After an 8 per cent increase in tech jobs last year, the Tech Council of Australia says the country is on track to meet the Government’s goal.
The research flies in the face of tech layoffs, which have been rampant in 2023. In March, Australian software giant Atlassian axed 500 jobs citing changing company priorities, but global companies like Meta, Salesforce, Microsoft and Google have also let go of thousands of staff members.
But the TCA research shows that for every job lost over the past quarter in Australia, 20 more have been created.
As of February this year, the tech workforce reached 935,000, which is 78 per cent of the 2030 target Prime Minister Anthony Albanese committed to in 2022. More than 10,500 jobs have been added to the workforce in the three months to March 2023, the majority of which have been directed to tech-intensive jobs in non-tech industries like retail, banking, professional services, government and mining.

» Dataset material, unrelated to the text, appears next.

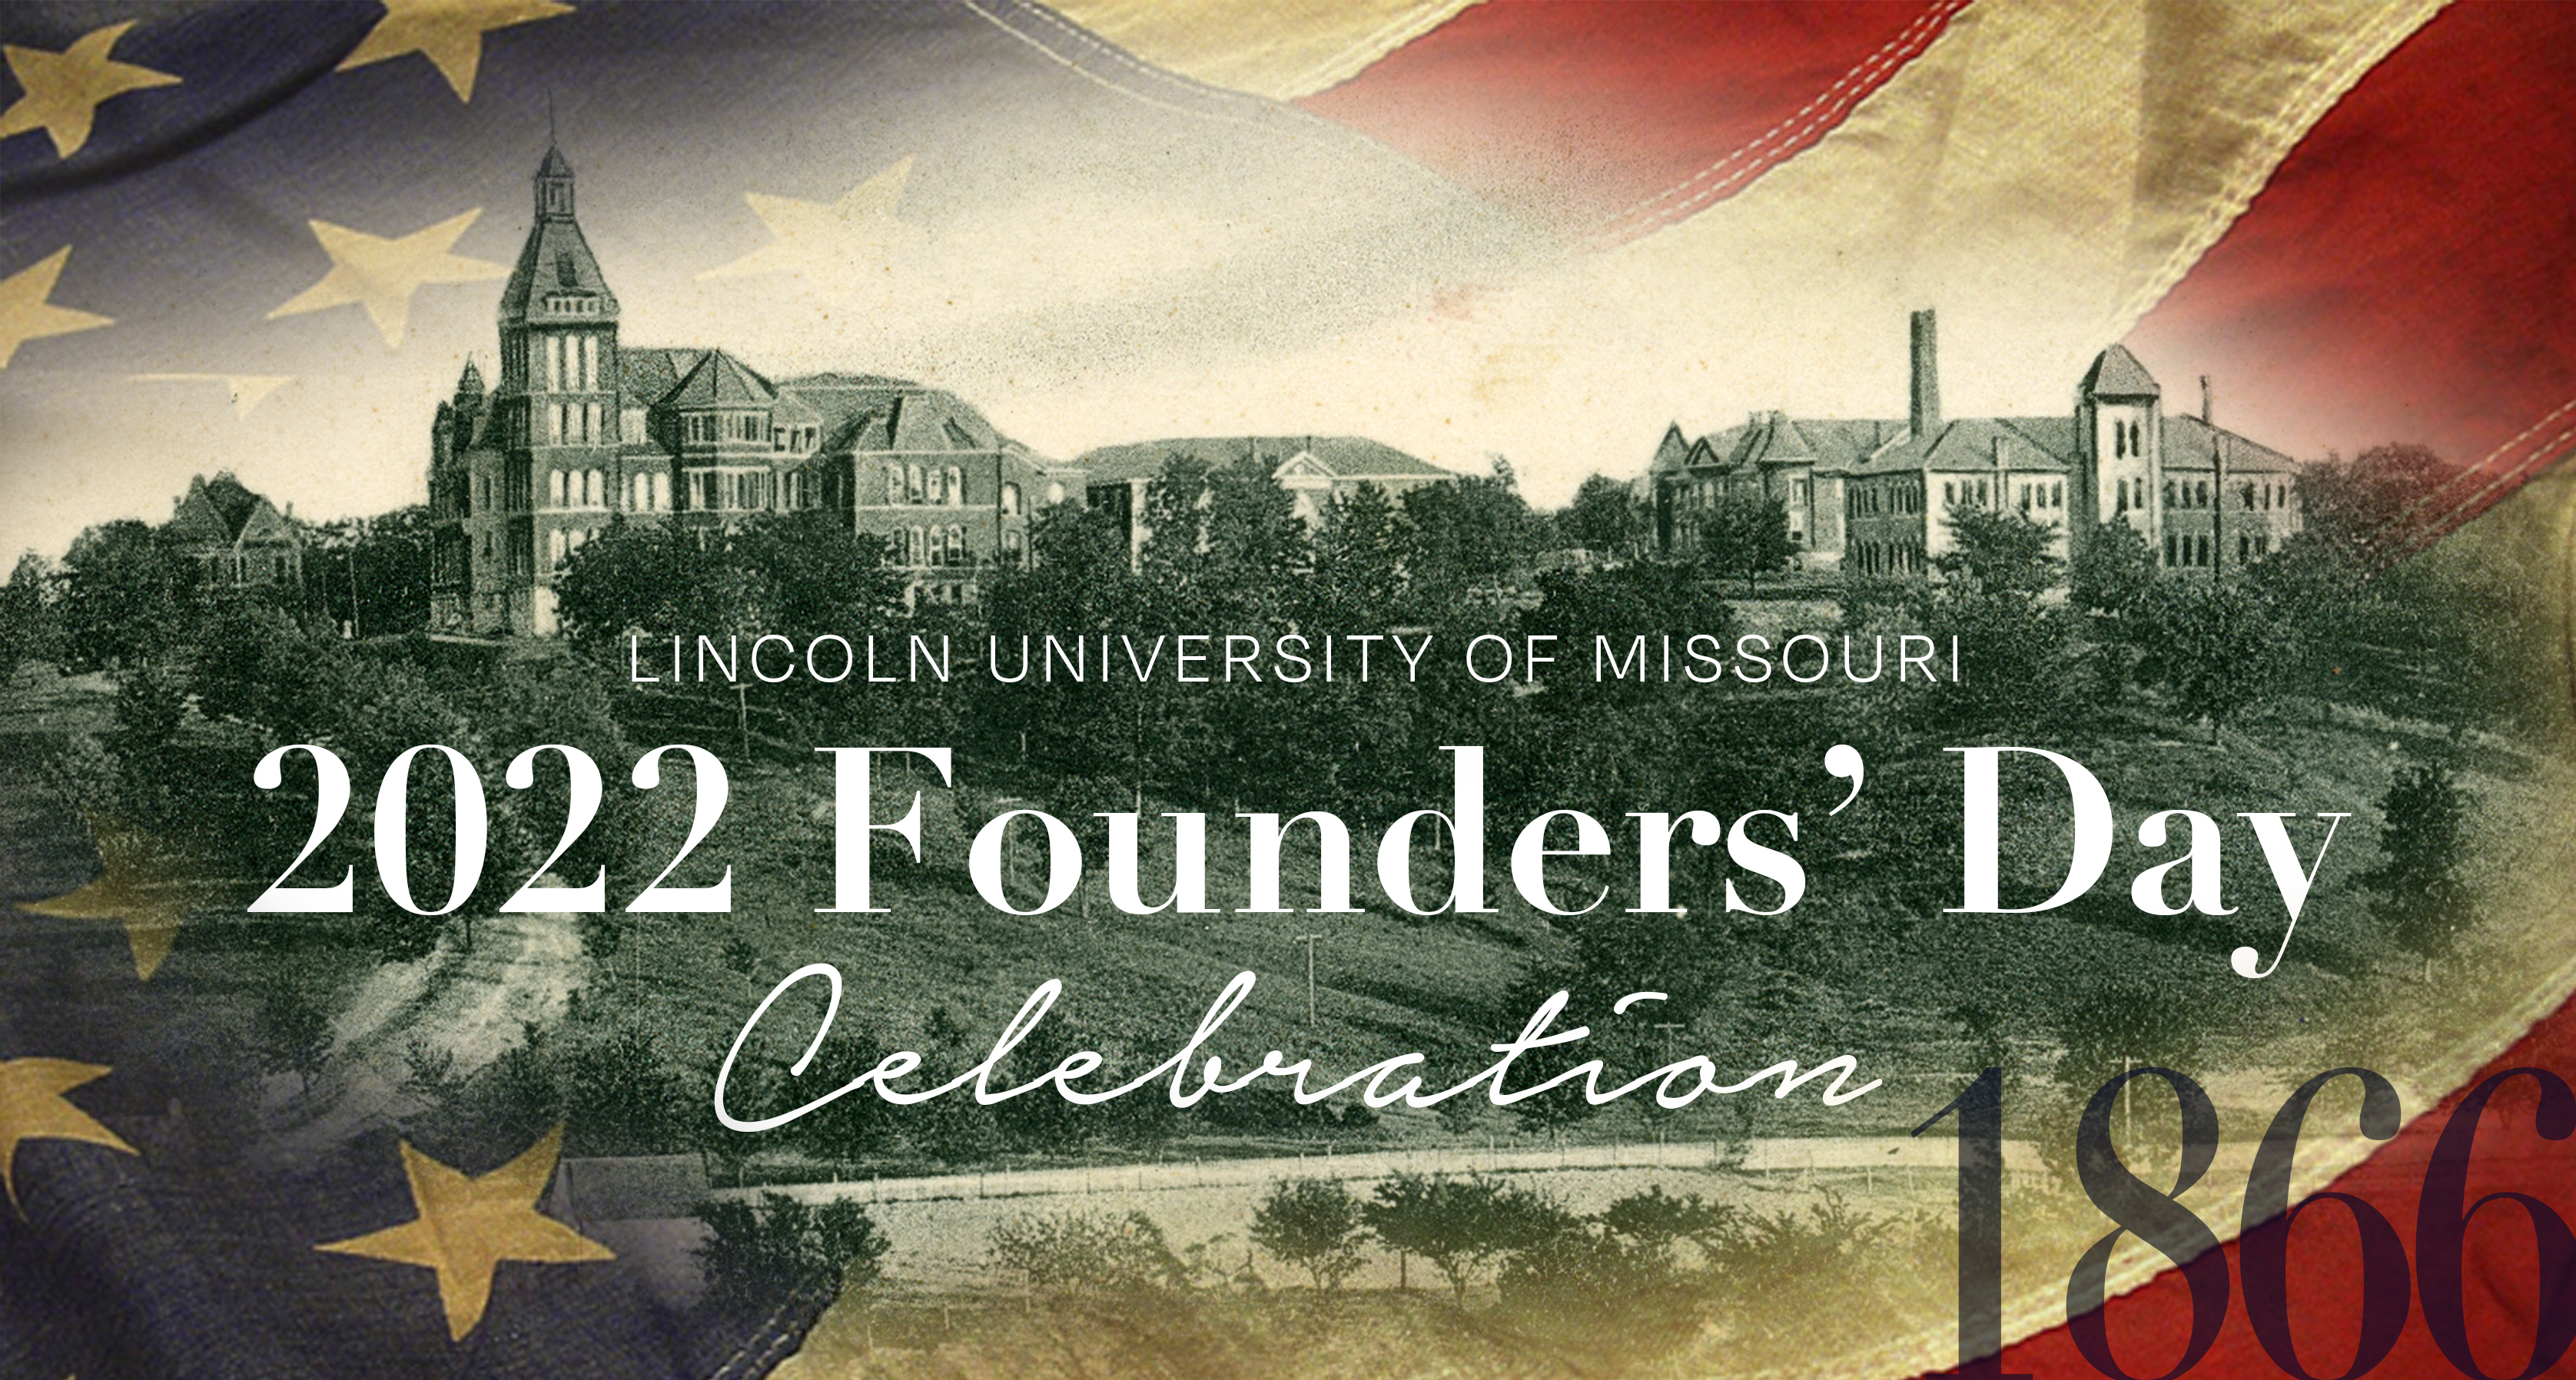 LU celebrated Founder's Day Feb. 10.

The chief executive of the TCA, Kate Pounder, says the tech industry is now the country’s seventh-largest employing industry, with jobs in the industry growing faster than the average across every state and territory.
“The growth of tech jobs in non-traditional tech industries reflects a long-term structural change in the Australian economy and shows that digital skills are becoming deeply embedded into all facets of the economy,” Pounder says.
“This shows that skill-transferability and flexibility are some of the major benefits of being employed in the tech sector.”
The average wage for tech jobs also remains high at approximately $132,000 – in fact, jobs in the direct tech sector were the second-highest of any advertised on SEEK in the past 12 months, only just behind CEOs.
Pounder says to achieve the government’s 1.2 million job target, the government must continue to increase awareness of the tech jobs opportunity, fix gaps in education and training pathways, improve diversity in the industry and target skilled migration areas.